What is being asked: Look for the line that has "Very nice organic" in the material below; please repeat it and every line after it, exactly, up to and including the line that has "Maynards Bassetts jelly", and nothing else.

Extracted material:

════════

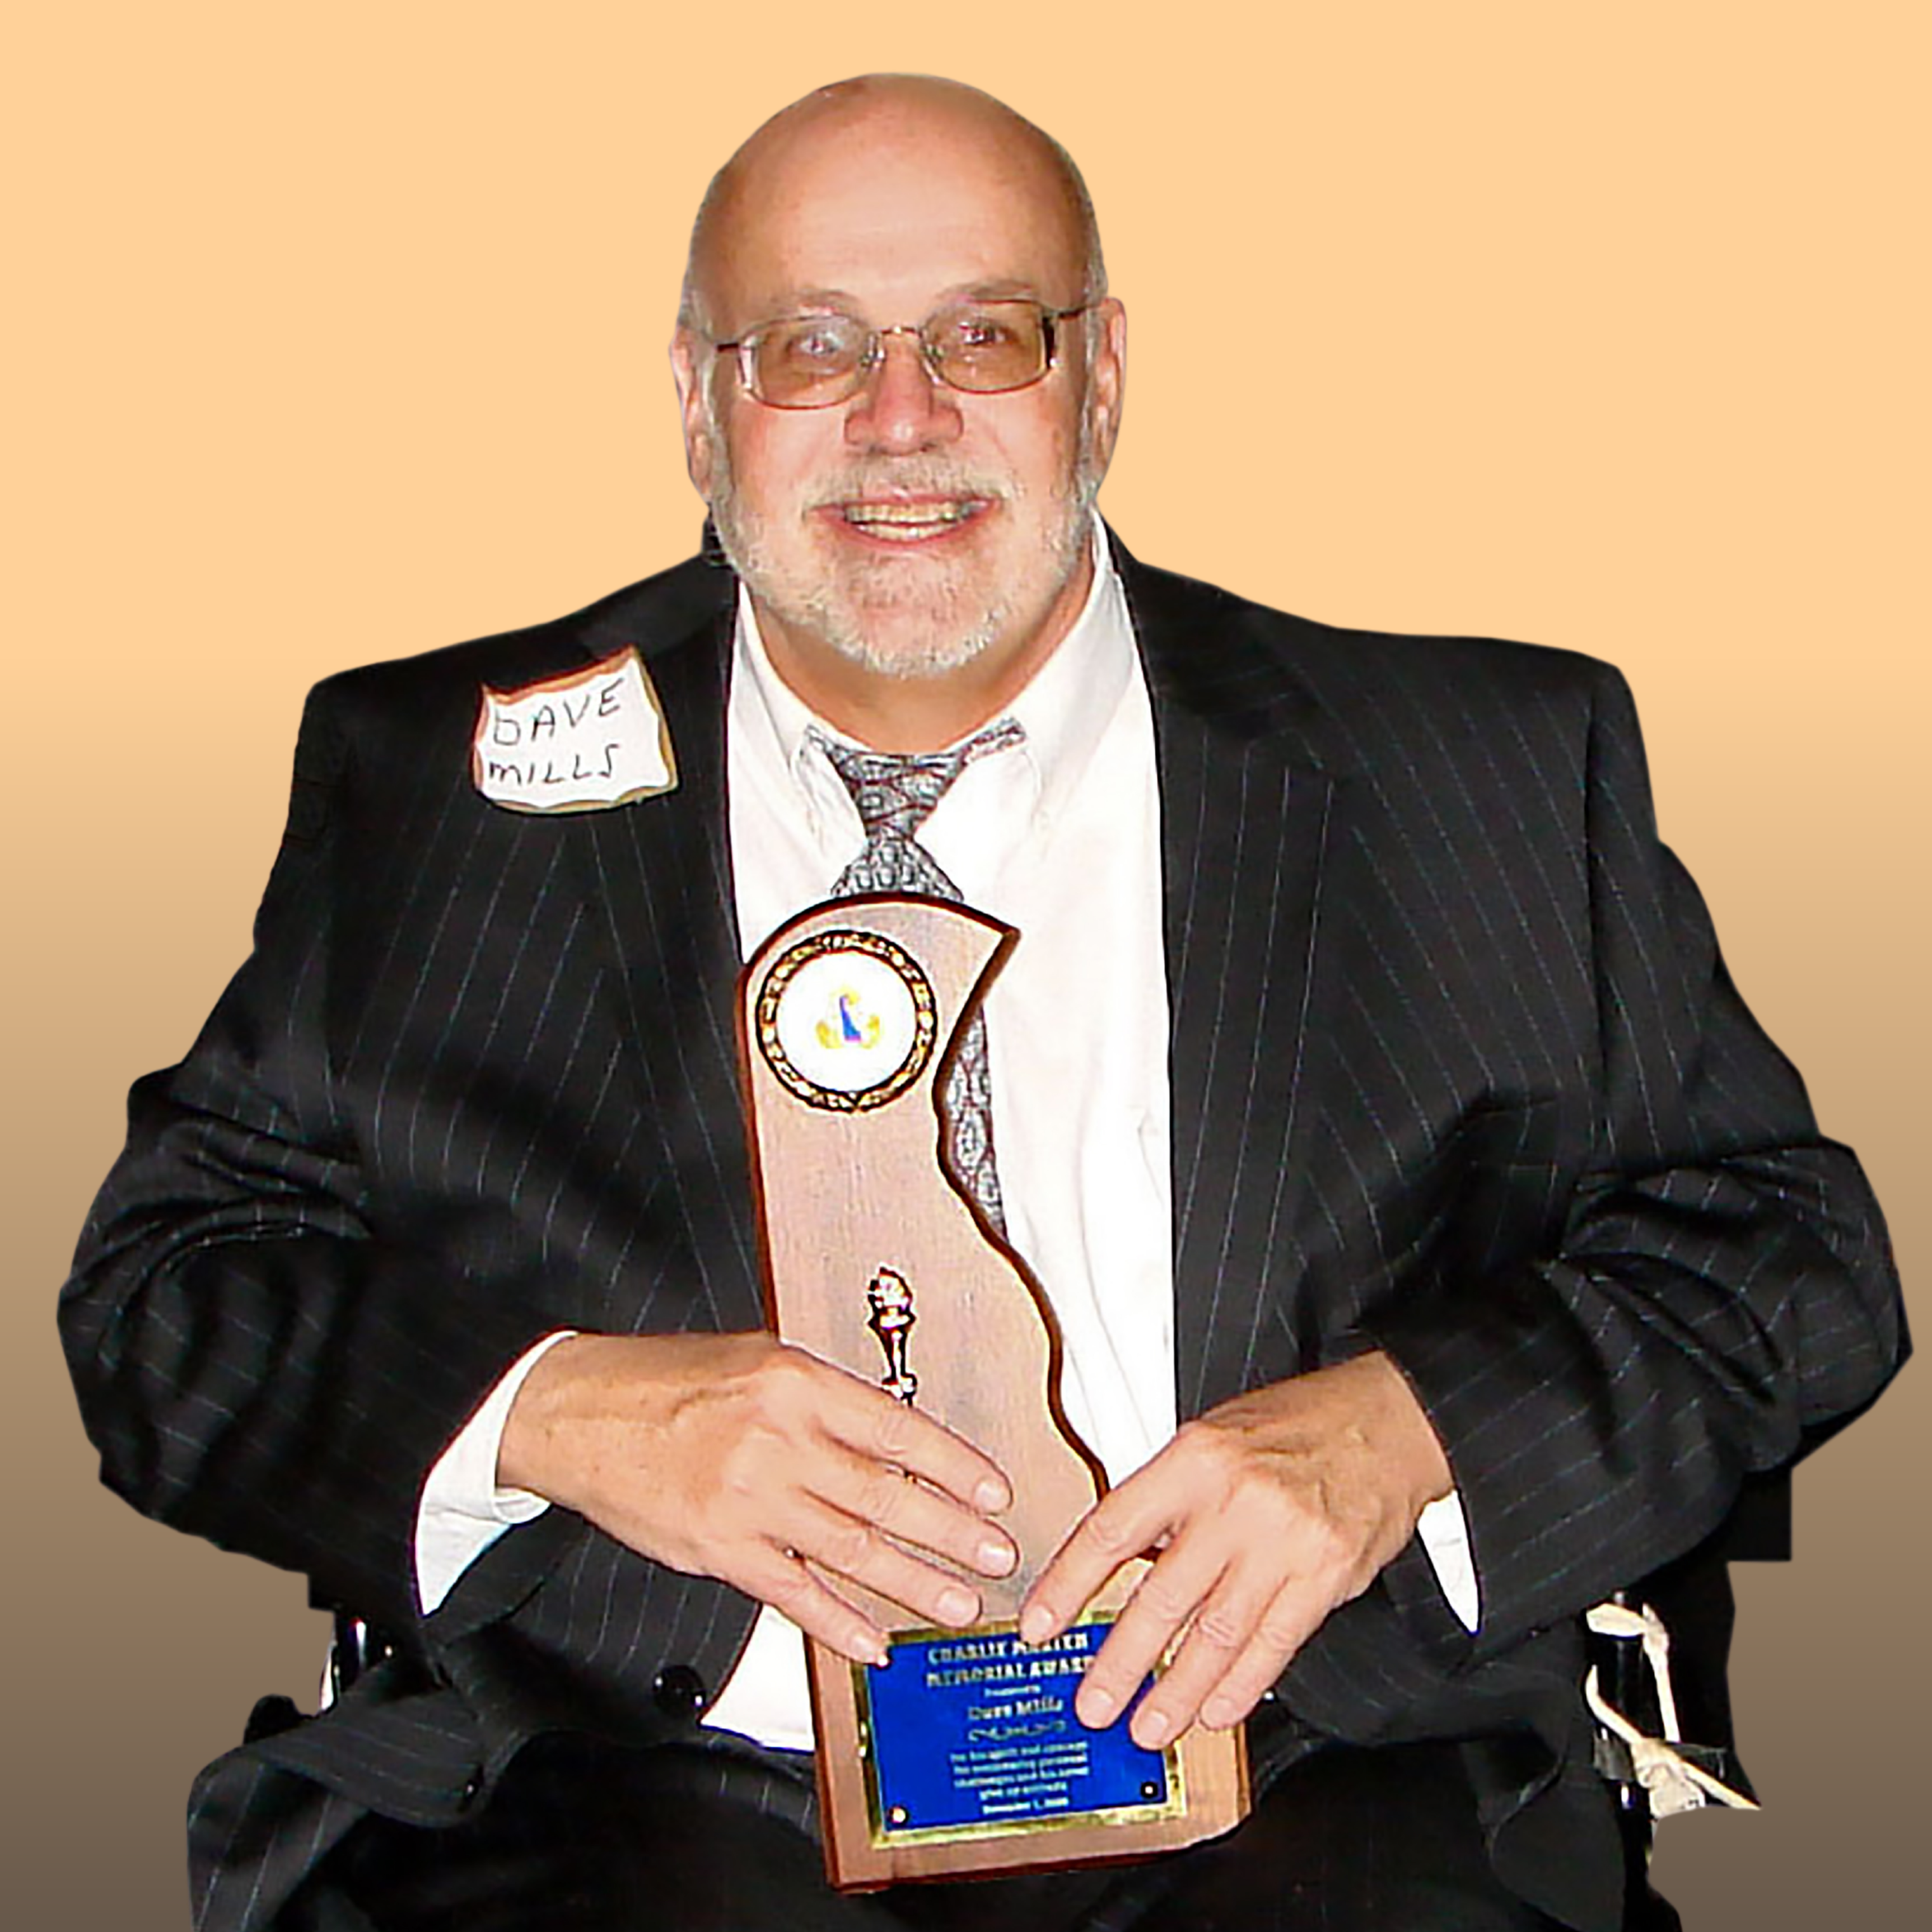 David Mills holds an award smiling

════════

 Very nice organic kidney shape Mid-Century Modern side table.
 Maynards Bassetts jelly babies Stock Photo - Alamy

════════

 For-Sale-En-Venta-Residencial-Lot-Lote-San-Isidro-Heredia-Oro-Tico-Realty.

════════

Finished task:
 Very nice organic kidney shape Mid-Century Modern side table.
 Maynards Bassetts jelly babies Stock Photo - Alamy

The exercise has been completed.